TASK GOAL | Take from the data every line in which the word "Italia" is found.

═════ EXERCISE MATERIALS

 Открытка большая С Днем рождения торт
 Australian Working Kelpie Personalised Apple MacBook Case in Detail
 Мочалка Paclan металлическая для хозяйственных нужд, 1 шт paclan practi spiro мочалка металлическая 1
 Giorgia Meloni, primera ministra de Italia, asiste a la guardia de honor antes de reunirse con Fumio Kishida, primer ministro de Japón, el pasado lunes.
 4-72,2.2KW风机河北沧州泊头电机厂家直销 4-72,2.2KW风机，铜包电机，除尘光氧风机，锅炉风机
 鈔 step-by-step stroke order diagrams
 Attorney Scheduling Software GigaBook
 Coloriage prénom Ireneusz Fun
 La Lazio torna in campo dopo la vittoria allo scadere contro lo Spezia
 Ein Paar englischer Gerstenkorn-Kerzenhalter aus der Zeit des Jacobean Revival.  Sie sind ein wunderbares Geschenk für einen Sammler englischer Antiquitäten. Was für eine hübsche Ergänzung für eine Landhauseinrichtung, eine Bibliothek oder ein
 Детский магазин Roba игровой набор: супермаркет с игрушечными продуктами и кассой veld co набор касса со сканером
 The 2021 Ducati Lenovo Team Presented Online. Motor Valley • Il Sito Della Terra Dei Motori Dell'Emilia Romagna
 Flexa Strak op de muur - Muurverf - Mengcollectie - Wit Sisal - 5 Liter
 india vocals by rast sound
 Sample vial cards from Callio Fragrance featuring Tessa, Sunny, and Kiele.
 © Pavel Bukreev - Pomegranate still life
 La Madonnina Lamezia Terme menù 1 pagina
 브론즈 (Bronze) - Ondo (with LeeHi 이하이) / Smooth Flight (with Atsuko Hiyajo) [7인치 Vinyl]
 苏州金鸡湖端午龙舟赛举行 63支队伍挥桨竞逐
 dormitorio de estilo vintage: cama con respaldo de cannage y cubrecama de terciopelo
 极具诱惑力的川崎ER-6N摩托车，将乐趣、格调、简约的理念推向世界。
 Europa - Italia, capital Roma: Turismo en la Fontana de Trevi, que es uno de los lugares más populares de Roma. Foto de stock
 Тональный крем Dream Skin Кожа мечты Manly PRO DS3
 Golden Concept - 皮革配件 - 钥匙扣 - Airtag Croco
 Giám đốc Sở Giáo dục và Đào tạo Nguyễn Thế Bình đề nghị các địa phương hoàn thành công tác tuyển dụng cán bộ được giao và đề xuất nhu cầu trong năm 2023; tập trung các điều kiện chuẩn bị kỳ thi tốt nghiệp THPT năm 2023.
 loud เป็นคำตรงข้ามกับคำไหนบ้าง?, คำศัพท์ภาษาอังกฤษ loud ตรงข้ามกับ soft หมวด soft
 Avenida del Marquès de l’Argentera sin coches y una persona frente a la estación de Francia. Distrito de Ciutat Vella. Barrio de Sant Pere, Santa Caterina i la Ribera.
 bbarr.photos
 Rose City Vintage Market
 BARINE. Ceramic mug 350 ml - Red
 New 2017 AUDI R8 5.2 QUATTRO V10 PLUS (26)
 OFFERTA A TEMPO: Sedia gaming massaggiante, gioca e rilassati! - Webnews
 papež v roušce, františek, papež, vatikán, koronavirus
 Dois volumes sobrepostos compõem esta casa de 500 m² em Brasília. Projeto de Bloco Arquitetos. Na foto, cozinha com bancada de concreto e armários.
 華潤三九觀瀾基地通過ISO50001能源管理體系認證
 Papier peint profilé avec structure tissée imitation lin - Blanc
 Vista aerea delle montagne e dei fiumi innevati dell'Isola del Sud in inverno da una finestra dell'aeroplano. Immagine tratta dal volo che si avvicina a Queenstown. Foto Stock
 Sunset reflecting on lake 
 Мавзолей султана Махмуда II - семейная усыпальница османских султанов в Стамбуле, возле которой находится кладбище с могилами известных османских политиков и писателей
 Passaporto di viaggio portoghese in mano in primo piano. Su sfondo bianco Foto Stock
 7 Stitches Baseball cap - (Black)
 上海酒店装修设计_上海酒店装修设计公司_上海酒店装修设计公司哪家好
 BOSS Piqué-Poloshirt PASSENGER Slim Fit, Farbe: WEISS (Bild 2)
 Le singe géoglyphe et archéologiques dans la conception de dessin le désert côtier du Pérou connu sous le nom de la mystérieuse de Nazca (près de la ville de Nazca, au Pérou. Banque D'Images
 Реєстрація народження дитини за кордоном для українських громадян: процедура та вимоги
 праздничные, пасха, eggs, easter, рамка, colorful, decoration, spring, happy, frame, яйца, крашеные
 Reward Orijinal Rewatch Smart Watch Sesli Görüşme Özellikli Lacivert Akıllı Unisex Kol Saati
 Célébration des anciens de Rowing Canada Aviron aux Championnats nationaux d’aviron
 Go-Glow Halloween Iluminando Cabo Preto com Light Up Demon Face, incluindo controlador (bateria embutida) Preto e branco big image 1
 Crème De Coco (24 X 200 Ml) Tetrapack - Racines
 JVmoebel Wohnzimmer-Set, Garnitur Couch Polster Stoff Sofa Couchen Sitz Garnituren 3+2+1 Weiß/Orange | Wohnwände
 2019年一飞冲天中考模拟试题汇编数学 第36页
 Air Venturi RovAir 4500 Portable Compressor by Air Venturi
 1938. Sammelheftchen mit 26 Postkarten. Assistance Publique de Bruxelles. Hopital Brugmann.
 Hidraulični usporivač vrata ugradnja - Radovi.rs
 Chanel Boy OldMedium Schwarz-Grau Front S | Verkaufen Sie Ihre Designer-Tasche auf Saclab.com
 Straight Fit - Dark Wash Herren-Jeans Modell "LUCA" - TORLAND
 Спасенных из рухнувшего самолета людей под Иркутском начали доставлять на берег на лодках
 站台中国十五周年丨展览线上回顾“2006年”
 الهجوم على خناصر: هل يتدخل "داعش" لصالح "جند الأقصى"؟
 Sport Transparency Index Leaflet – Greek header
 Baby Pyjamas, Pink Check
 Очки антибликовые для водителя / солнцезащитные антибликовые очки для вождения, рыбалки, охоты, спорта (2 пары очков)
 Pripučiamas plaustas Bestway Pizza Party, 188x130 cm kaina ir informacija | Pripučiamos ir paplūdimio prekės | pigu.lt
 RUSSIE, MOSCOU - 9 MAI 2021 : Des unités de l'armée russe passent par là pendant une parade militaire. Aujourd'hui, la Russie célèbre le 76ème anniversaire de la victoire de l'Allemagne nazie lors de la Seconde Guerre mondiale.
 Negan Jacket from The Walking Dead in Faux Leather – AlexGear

══════════

ANSWER TO THE EXERCISE |
 Giorgia Meloni, primera ministra de Italia, asiste a la guardia de honor antes de reunirse con Fumio Kishida, primer ministro de Japón, el pasado lunes.
 Europa - Italia, capital Roma: Turismo en la Fontana de Trevi, que es uno de los lugares más populares de Roma. Foto de stock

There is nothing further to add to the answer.